Um novo surto de Ebola na República Democrática do Congo colocou autoridades sanitárias em estado de atenção. Desde abril, a doença já provocou 600 mortes em 1.759 casos registrados, segundo dados atribuídos à Organização Mundial da Saúde. O avanço preocupa porque a infecção é causada pela variante Bundibugyo, uma cepa que, até agora, não havia provocado uma crise de grandes proporções.

A emergência foi reconhecida oficialmente em 15 de maio, depois da morte de uma enfermeira na cidade de Mongbwalu. Desde então, os casos cresceram em ritmo acelerado, dificultando a resposta das equipes de saúde. A distância entre as áreas afetadas e os centros capazes de analisar amostras de pacientes suspeitos também atrasa diagnósticos e medidas de contenção.

Outro fator de preocupação é a ausência de uma vacina específica contra a variante Bundibugyo. Embora exista imunizante desenvolvido contra a cepa Zaire, responsável pelos maiores surtos já registrados de Ebola, ainda não existe uma solução vacinal direcionada para essa forma do vírus.

A variante Bundibugyo foi identificada pela primeira vez em Uganda, em 2007, quando causou 37 mortes. Em 2012, voltou a aparecer em um novo surto, com 36 óbitos. O cenário atual, portanto, já supera de forma expressiva os dois episódios anteriores somados, tanto em número de vítimas quanto em velocidade de disseminação.

Apesar de historicamente apresentar letalidade menor que a variante Zaire, a Bundibugyo continua sendo considerada perigosa. A taxa de mortes pode variar entre 25% e 50% dos infectados. No surto atual, os óbitos representam quase um terço dos casos confirmados.

A identificação precoce da doença é um dos maiores desafios. Os sintomas iniciais, como febre, fadiga, dor de cabeça, dores musculares e alterações gastrointestinais, podem ser confundidos com enfermidades comuns na região, entre elas malária e febre tifoide. Essa semelhança retarda o diagnóstico e favorece a circulação do vírus.

Especialistas afirmam que o avanço da Bundibugyo reforça a necessidade de ampliar os planos de preparação contra epidemias.
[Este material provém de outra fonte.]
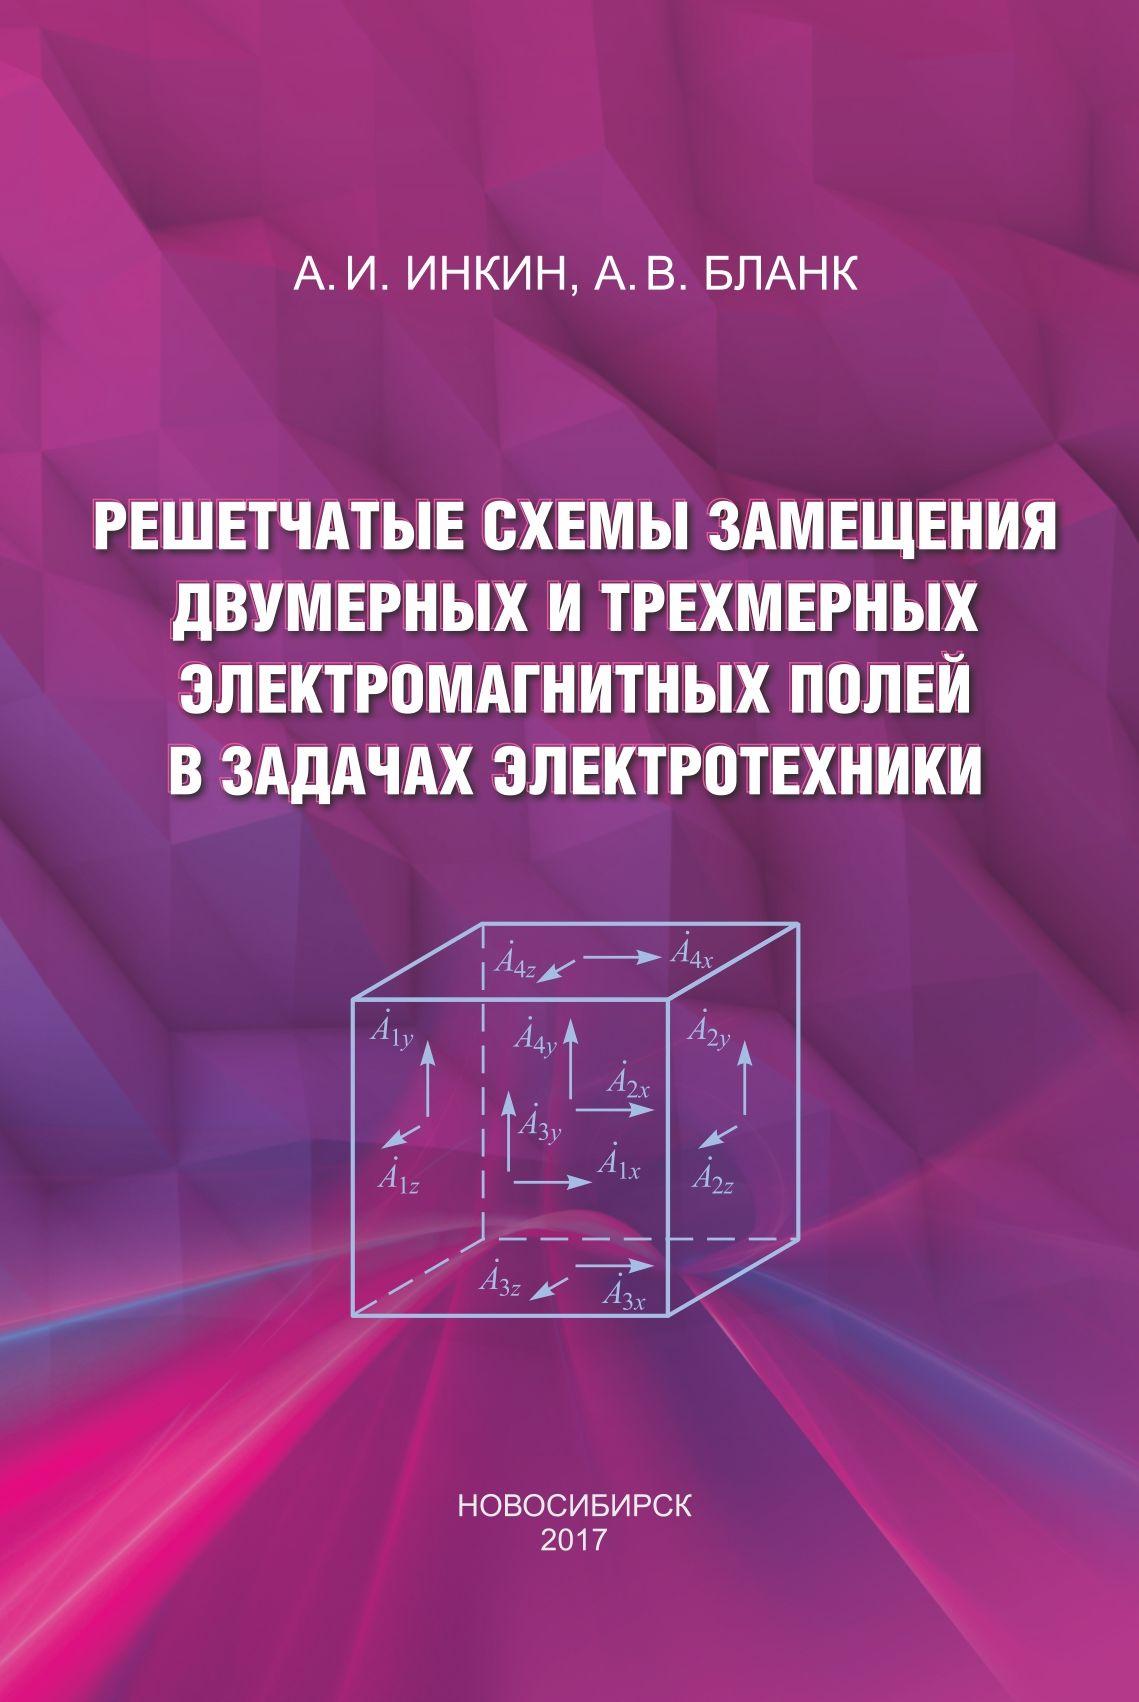 А. И. Инкин Решетчатые схемы замещения двумерных и трехмерных электромагнитных полей в задачах электротехники с м аполлонский моделирование и расчёт электромагнитных полей в технических устройствах том i

Para pesquisadores da área de virologia, vírus capazes de provocar doenças graves não podem ser ignorados apenas porque, no passado, causaram surtos menores.

O Ebola, também chamado de febre hemorrágica Ebola, é uma doença viral grave, capaz de provocar sangramentos e levar à morte em casos severos. O primeiro registro ocorreu em 1976. Desde então, a República Democrática do Congo enfrentou sucessivos surtos, tornando-se um dos países mais atingidos pela doença.

A maior epidemia de Ebola já registrada ocorreu entre 2014 e 2016, na África Ocidental, provocada pela variante Zaire. Naquele episódio, mais de 11 mil pessoas morreram. A crise levou ao desenvolvimento de uma vacina contra essa cepa, mas o novo surto mostra que outras variantes continuam representando risco real para a saúde global.